> _Assignment_: Pick out every line of the entries below where "para" occurs, and copy those lines.

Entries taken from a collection
*** Block opens ***

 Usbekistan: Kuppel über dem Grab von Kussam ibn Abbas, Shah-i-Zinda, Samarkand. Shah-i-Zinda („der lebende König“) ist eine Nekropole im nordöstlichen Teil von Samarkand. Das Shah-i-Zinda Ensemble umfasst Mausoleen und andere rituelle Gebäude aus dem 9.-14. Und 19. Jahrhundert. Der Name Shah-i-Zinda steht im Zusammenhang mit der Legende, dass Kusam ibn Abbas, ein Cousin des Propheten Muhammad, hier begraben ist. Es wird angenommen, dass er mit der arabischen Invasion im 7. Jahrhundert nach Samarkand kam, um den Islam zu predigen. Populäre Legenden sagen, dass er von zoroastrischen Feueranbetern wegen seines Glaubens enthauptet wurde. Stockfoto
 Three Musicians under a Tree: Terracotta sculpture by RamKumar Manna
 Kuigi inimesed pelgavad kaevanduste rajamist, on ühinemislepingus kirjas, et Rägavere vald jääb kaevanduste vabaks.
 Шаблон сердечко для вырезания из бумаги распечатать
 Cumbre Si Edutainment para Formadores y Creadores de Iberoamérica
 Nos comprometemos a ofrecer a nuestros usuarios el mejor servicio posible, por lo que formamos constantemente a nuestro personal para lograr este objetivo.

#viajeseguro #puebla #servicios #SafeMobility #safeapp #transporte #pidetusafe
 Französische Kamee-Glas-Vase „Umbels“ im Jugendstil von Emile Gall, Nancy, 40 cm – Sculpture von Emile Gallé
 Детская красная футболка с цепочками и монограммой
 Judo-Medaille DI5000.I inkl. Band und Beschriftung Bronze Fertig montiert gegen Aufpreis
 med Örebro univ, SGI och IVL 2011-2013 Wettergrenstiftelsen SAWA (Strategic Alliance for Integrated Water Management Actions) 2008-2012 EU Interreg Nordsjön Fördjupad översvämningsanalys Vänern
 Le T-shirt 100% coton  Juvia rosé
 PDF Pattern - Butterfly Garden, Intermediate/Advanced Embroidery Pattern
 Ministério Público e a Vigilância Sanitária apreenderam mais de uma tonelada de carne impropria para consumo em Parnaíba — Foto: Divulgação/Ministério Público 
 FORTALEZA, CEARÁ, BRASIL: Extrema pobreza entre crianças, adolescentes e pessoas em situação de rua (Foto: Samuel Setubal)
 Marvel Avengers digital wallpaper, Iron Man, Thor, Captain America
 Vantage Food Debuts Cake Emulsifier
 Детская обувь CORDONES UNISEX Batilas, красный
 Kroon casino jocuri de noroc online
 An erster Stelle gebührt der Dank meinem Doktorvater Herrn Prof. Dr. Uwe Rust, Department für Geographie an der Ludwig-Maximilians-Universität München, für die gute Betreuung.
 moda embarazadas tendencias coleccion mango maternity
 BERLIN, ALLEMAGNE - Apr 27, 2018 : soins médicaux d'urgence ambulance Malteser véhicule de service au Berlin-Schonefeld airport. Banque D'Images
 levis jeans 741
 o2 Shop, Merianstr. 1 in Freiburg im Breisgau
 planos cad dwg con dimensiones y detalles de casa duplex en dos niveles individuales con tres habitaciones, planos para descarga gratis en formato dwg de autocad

*** Block closes ***

> _Written solution_:
 Cumbre Si Edutainment para Formadores y Creadores de Iberoamérica
 Nos comprometemos a ofrecer a nuestros usuarios el mejor servicio posible, por lo que formamos constantemente a nuestro personal para lograr este objetivo.
 Ministério Público e a Vigilância Sanitária apreenderam mais de uma tonelada de carne impropria para consumo em Parnaíba — Foto: Divulgação/Ministério Público 
 planos cad dwg con dimensiones y detalles de casa duplex en dos niveles individuales con tres habitaciones, planos para descarga gratis en formato dwg de autocad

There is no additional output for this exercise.